-- DATA SECTION --

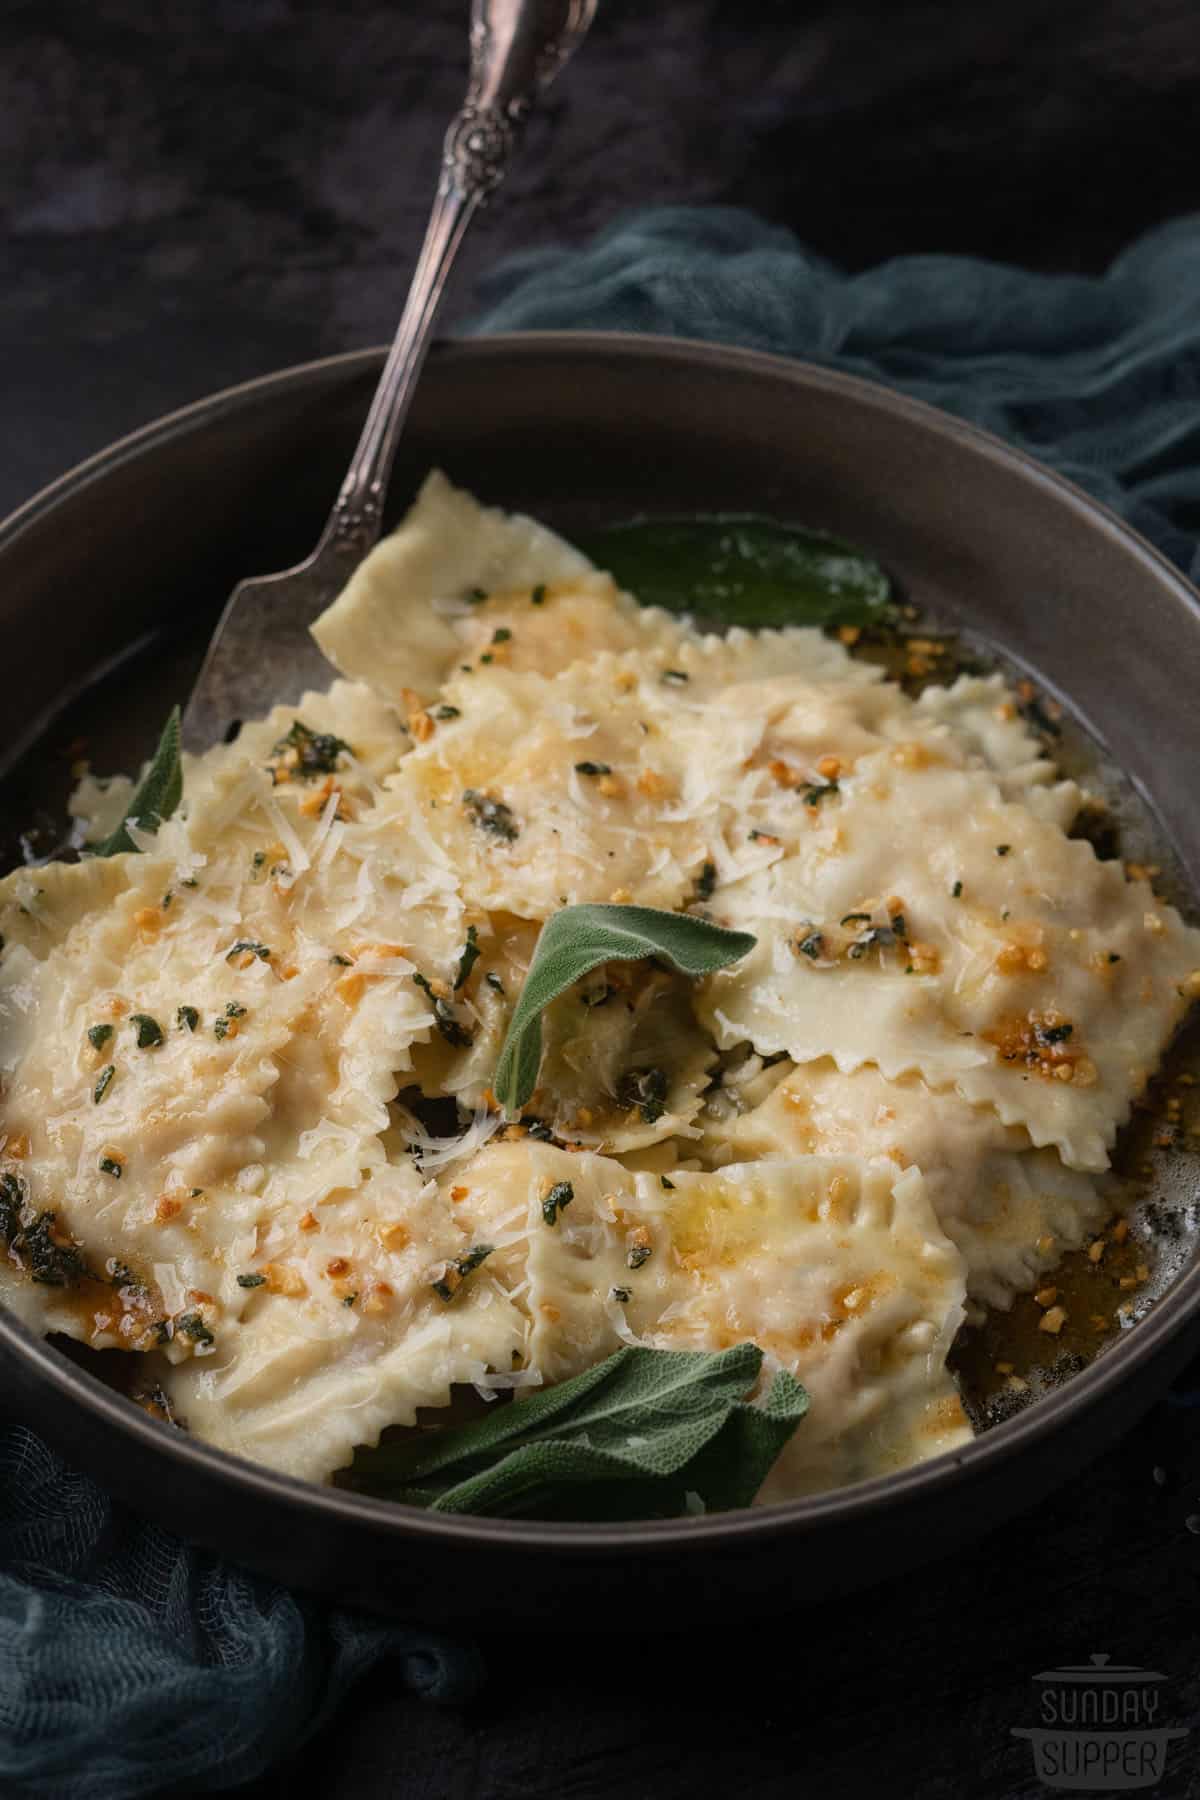 sage brown butter sauce drizzled over ravioli in a black dish
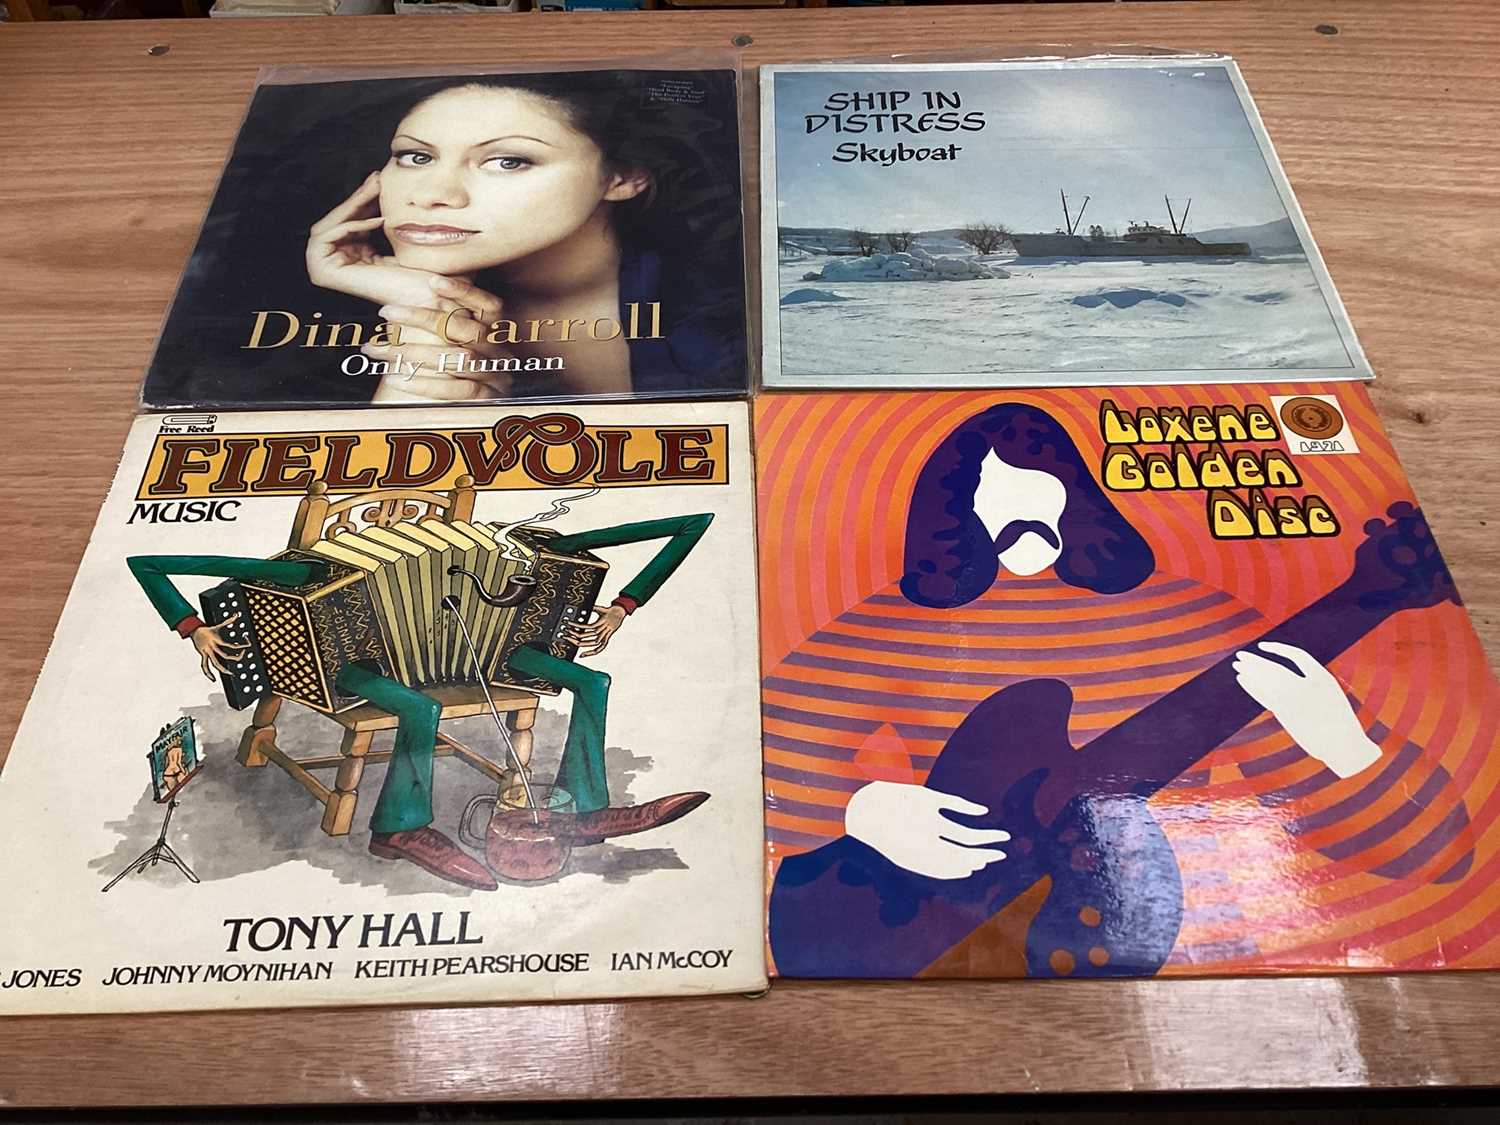 Box of LPs, including Beatles, David Bowie, Pink Floyd, Pixies, etc - Image 10 of 30
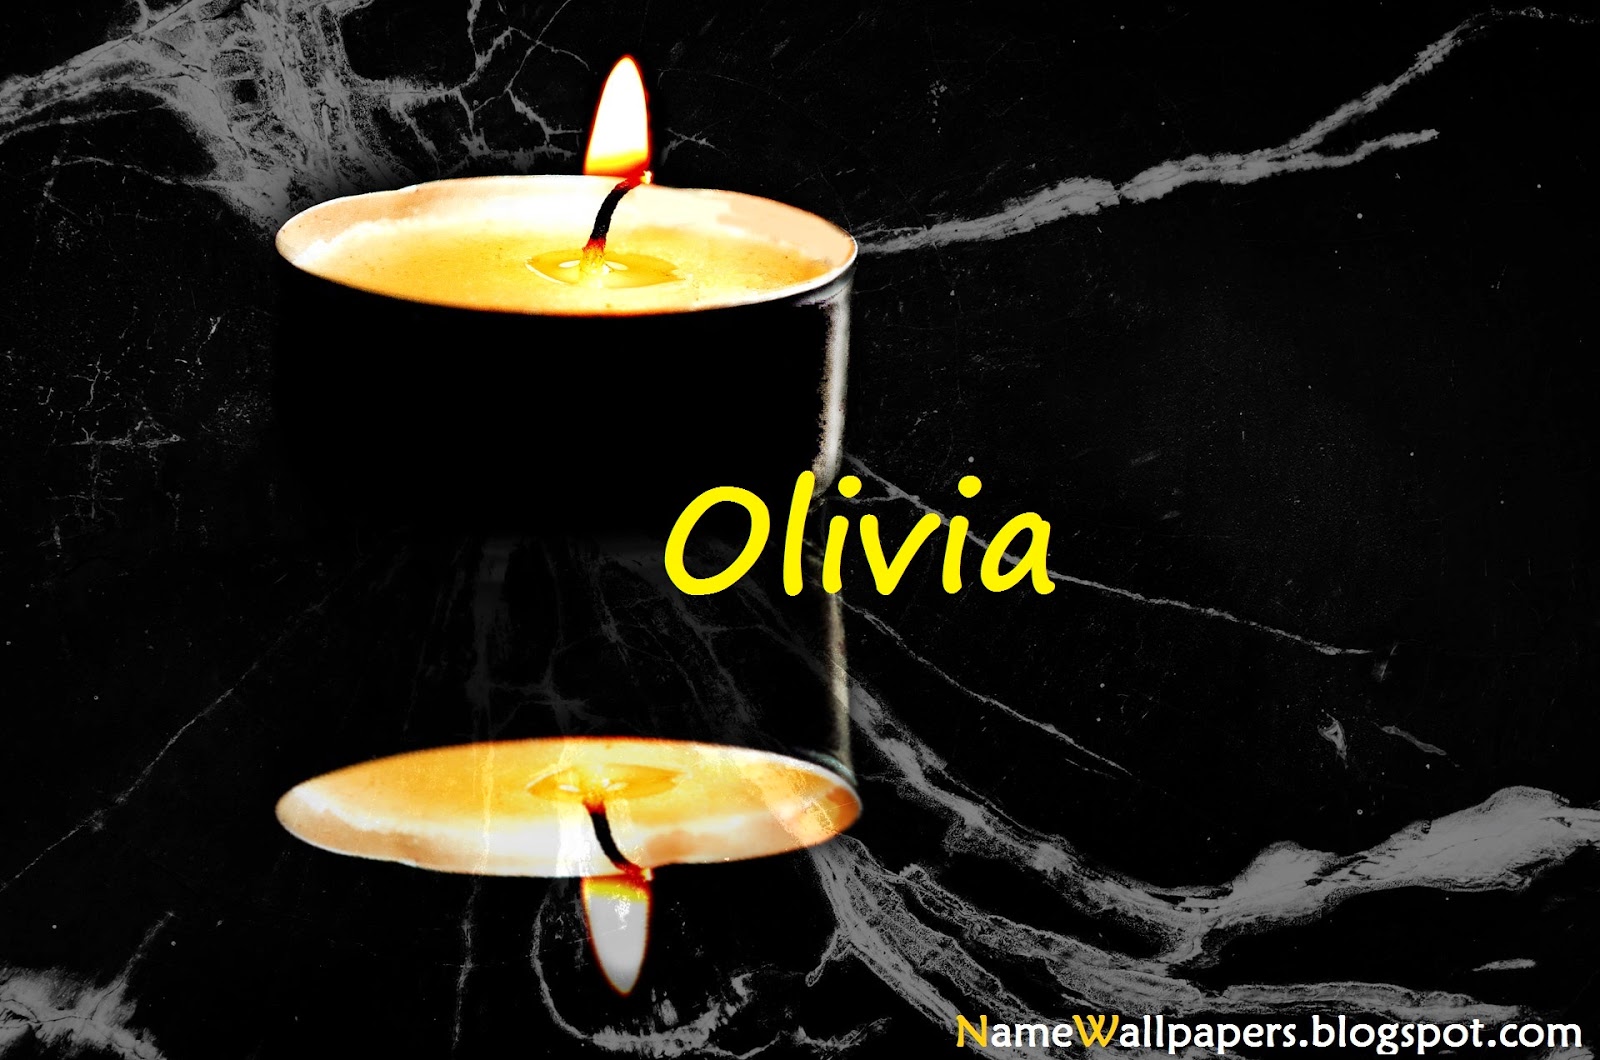 Olivia Name Wallpapers Olivia ~ Name Wallpaper Urdu Name Meaning Name
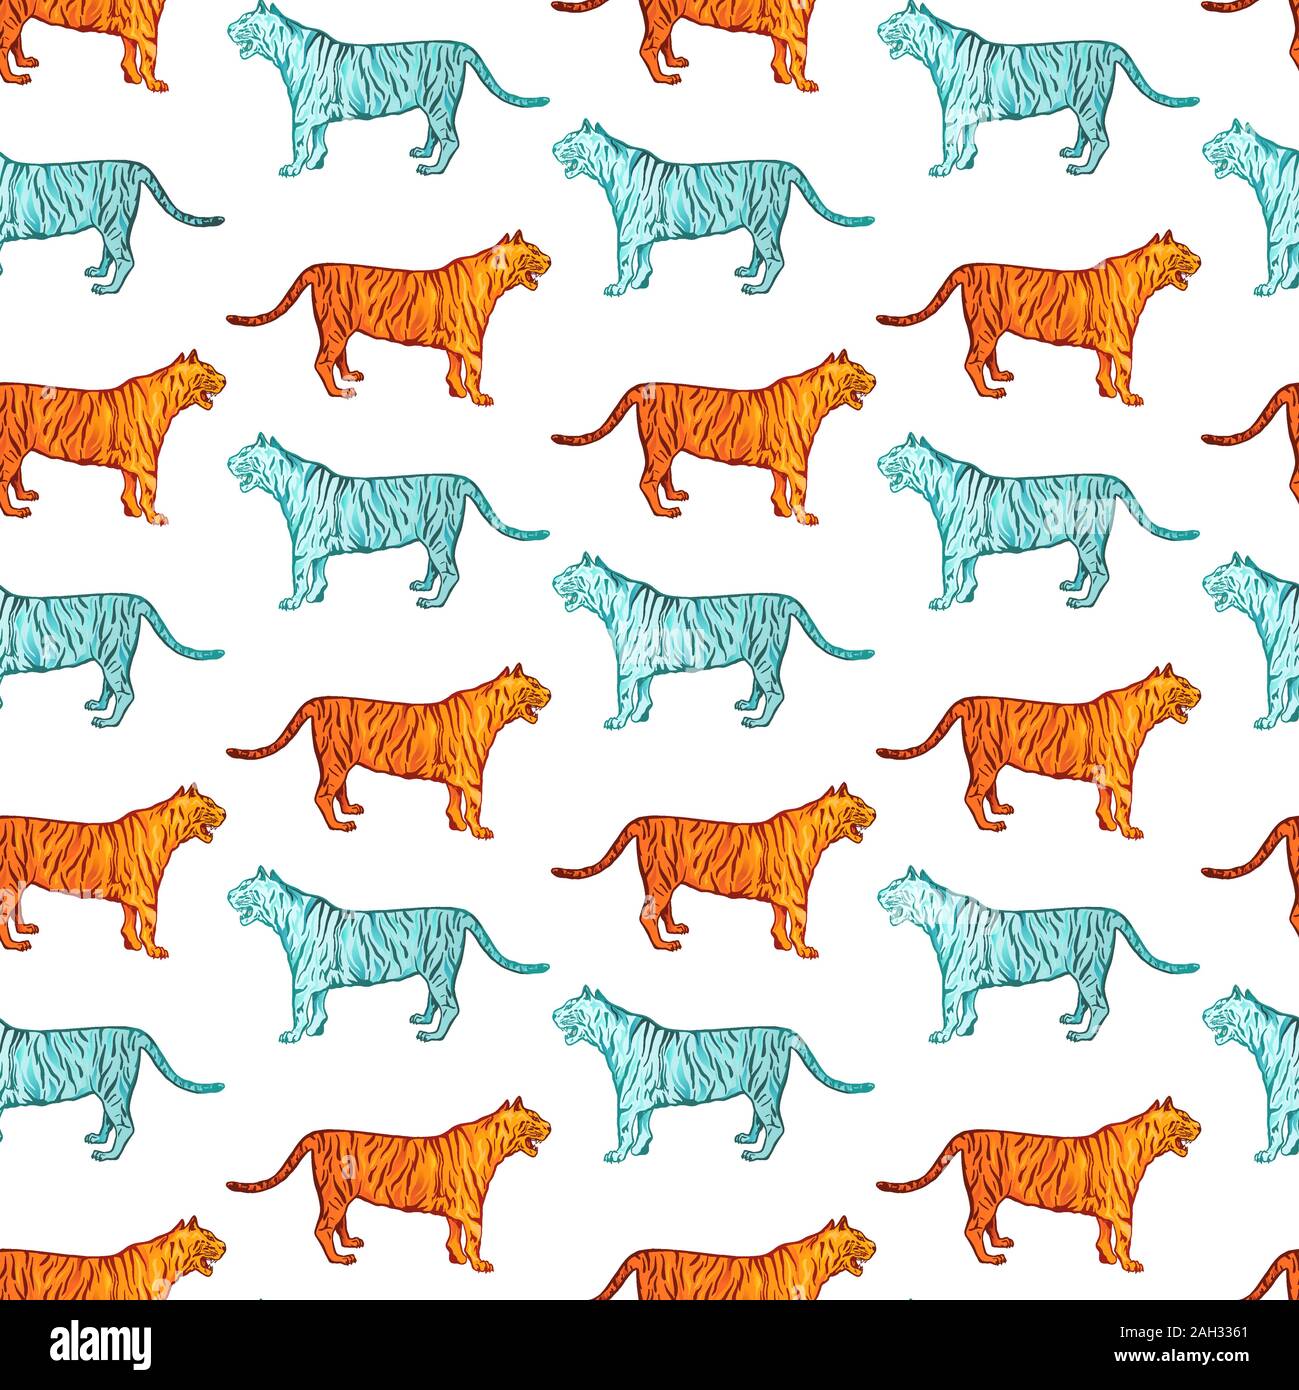 Wild tigers tribal style seamless pattern. Circus or zoo blue and orange wild cats. Exotic safari animals, jungle fauna tileable texture. Creative childish wallpaper, wrapping paper or textile design Stock Vector

-- ASSIGNMENT --
Every line of the material above should be repeated exactly, except for the pictures.

-- REPLY --
 sage brown butter sauce drizzled over ravioli in a black dish
 Box of LPs, including Beatles, David Bowie, Pink Floyd, Pixies, etc - Image 10 of 30
 Olivia Name Wallpapers Olivia ~ Name Wallpaper Urdu Name Meaning Name
 Wild tigers tribal style seamless pattern. Circus or zoo blue and orange wild cats. Exotic safari animals, jungle fauna tileable texture. Creative childish wallpaper, wrapping paper or textile design Stock Vector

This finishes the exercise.